Log Spiral Problem 1

Solve: 950 x 7.50 = ?

This first example is a 3 digit computation, ignoring the vernier for now. The way that the inventor assumed you'd use this calculator is that you'd be holding onto the (rigid) vernier casing in one hand, and spinning the disk and managing the index with the other hand. I have modified his method a bit, to fit the simplified constructions. You don't HAVE to do record keeping on the dials, if you don't wish to.

Steps

  1. ZERO the disk ( put the vernier curor over the 1000); also line up the index with origin on disk.

  2. CONNECT the index (i.e, tape it to the disk)

  3. Rotate the vernier cursor counter-clockwise until 950 is under the vernier; Record 1 in the characteristic dial (95 is 9.5 x 10; the power of ten is 1),

Read 9.5 on the cycle scale; record 9 on the first mantissa dial .5 on the second mantissa.

  1. LOCK the index (i.e., move the tape so it holds the vernier and index together)

  2. ZERO the disk . The index should be pointing at about 835 on the outer spiral, and the Vernier cursor is on 1000.

  3. CONNECT the index

  4. Rotate Vernier cursor counter-clockwise until 750 is under the vernier; add 1 in the characteristic dial, add 8.5 on the mantissa dials (9.5 + 8.5 = 18, so 7 is recorded on the first mantissa, zero is on the second)

  5. LOCK the index.

  6. Rotate the index back to 1000.

  7. Under the vernier cursor read 712 (on coil 7) and a bit (the vernier points to .5). The answer including the characteristic (2) would be 712 plus what's on the vernier.

NOTES: With a standard gunter circle, you can set and read a value from either cursor.

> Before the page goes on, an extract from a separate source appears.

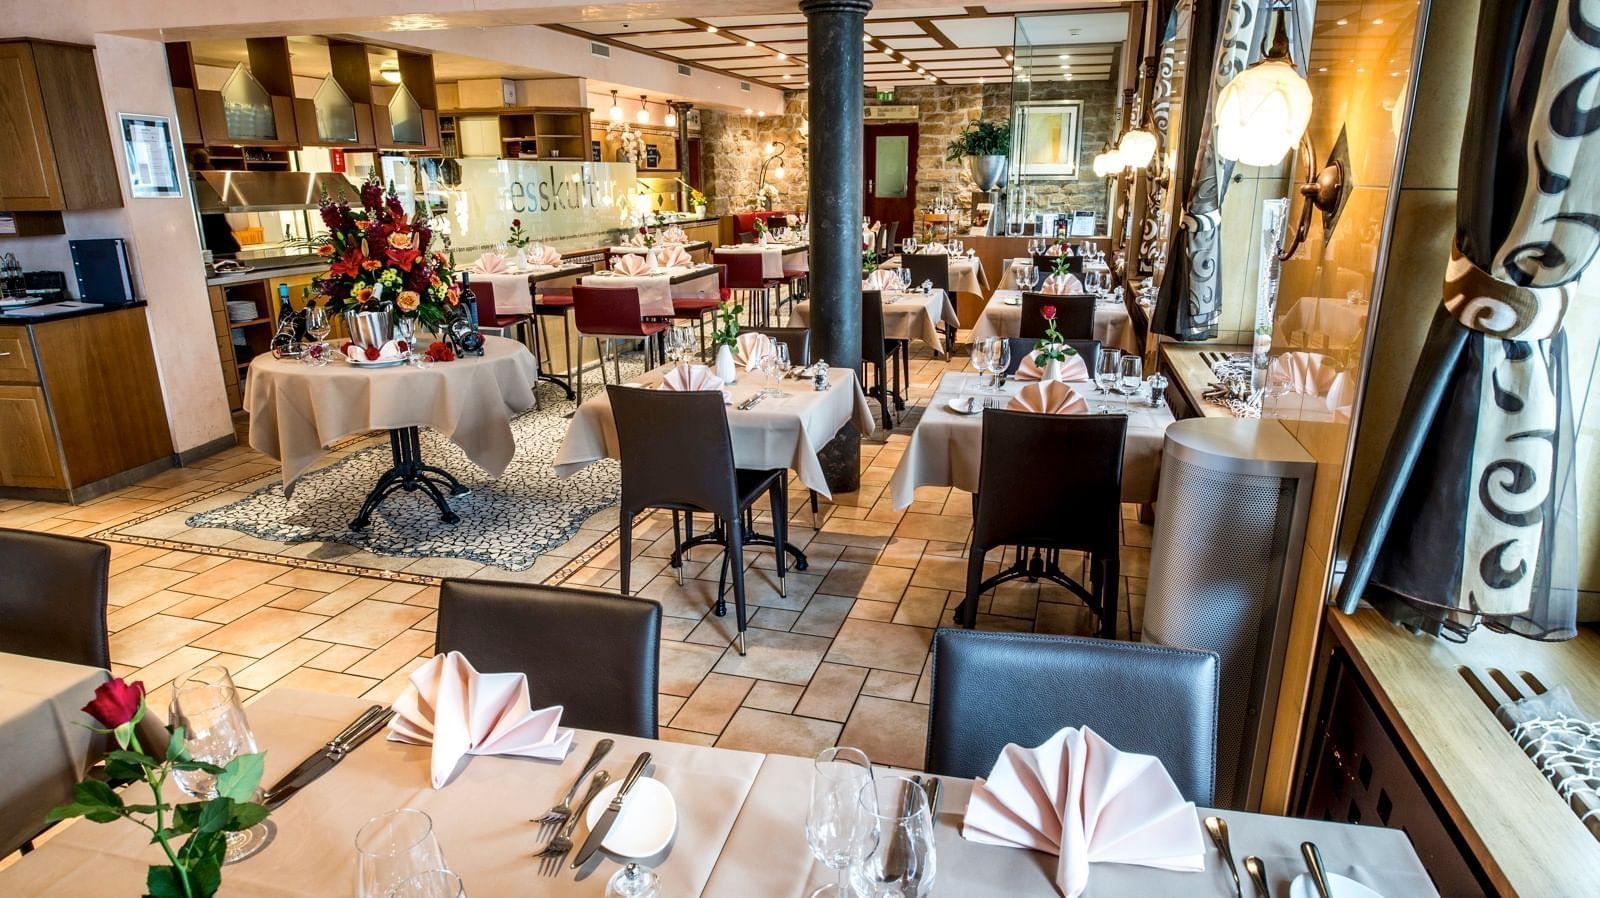 Restaurant im Hotel Krone Unterstrass in Zürich

With the Log Spiral design, you have but one (vernier) cursor, and the index is strictly a memory store, accumulating a distance. The CONNECT index, Rotate disk, LOCK pattern served to accumulate the angular distance of the two numbers. When you put the index back on the 1000 at the last step you can read the result on the vernier cursor.

on step 7, I stated 'add 1 to the characteristic'. The patent algorithm handles this (you rotate the disk and add 1 when you pass 1000 in one direction, subtracting 1 when you pass 1000 in the opposite direction). In this case, I'm simply doing the power of 10 math in my head. 7.5 x 9.5 is about 70 = 7 x 10, so the characteristic (power of 10) is 1.